Could you reproduce, word for word, everything below from the line containing "Family of 4" down to the line containing "Lunar Cypress- Blue golf shoes", with both of those lines included and no others?
--- Material for this task ---
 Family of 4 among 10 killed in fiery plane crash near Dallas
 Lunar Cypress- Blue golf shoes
---
--- Material for this task ---
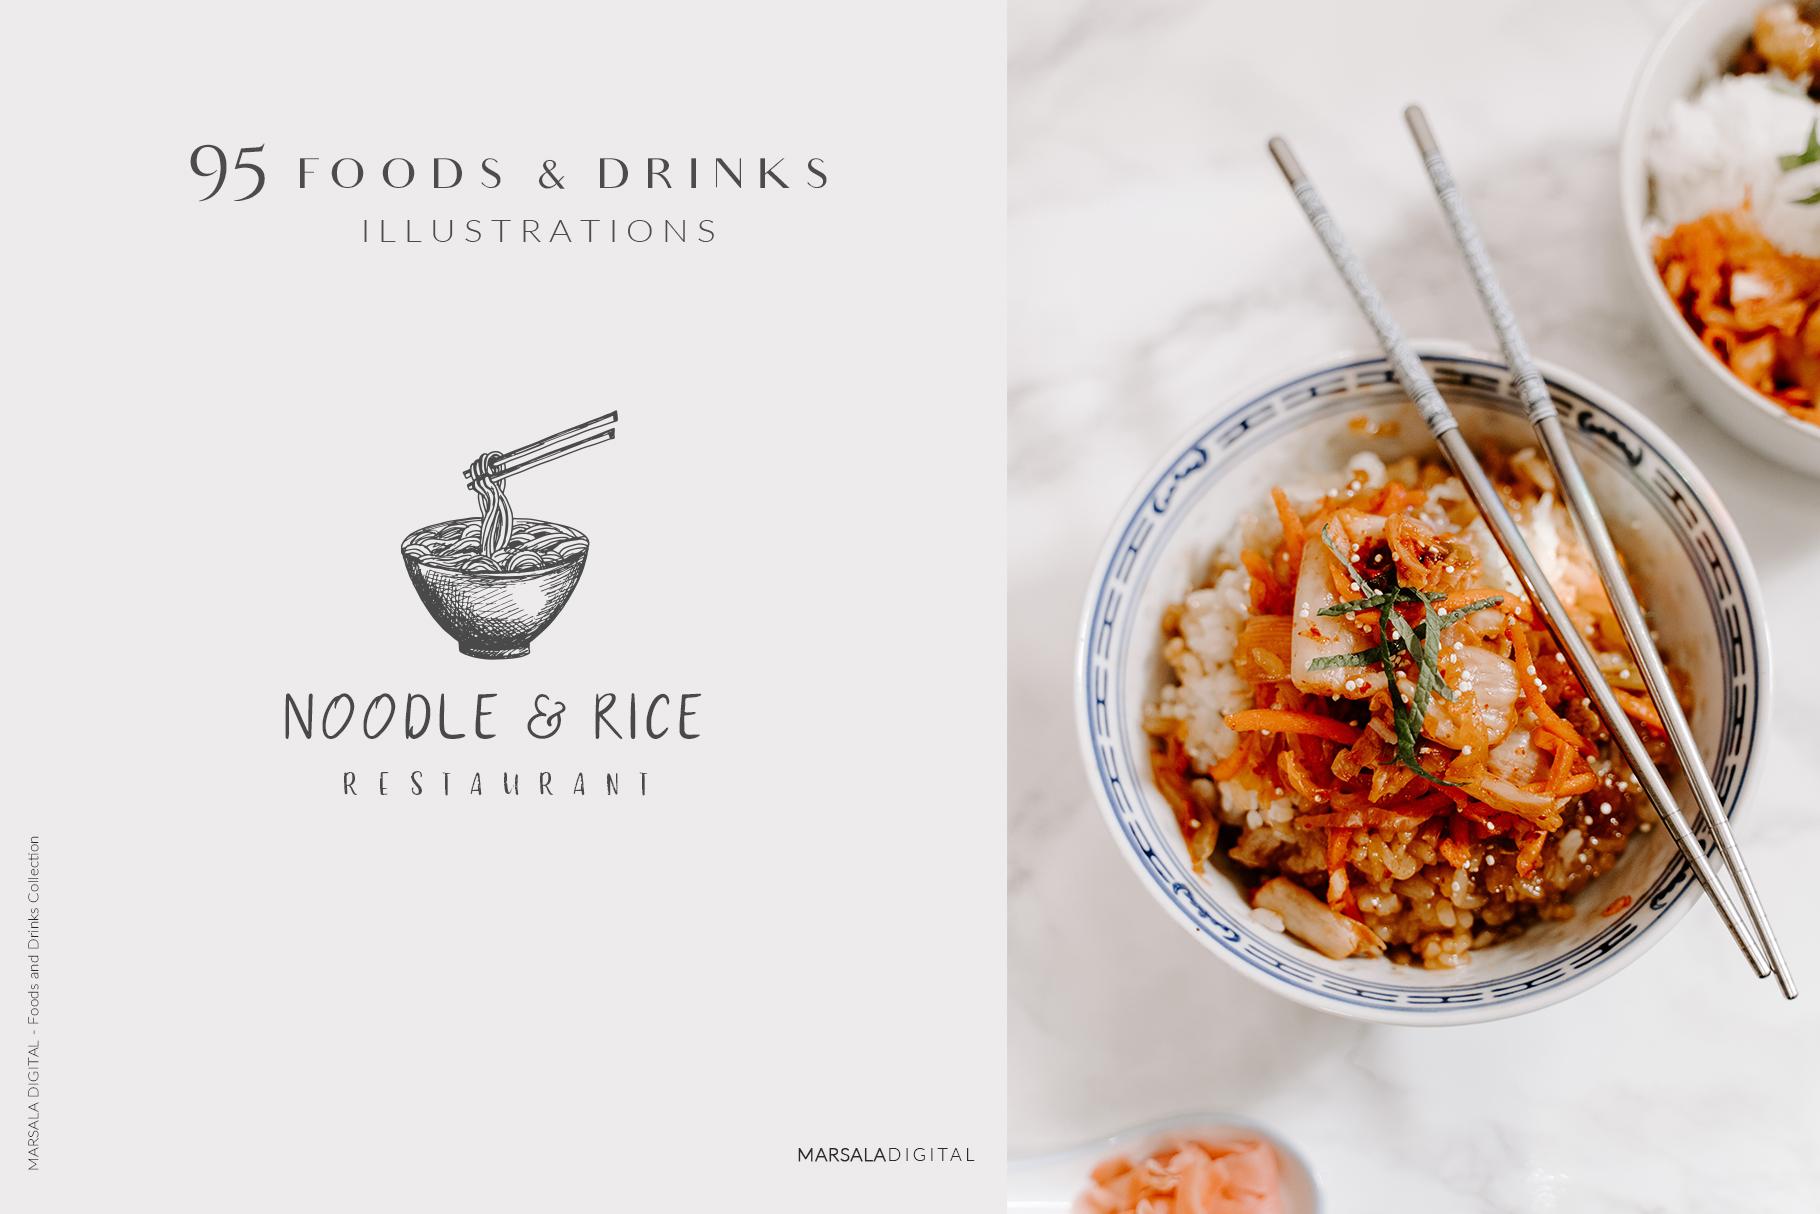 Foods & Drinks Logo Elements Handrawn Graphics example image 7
---
:: Your response ::
 Family of 4 among 10 killed in fiery plane crash near Dallas
 Lunar Cypress- Blue golf shoes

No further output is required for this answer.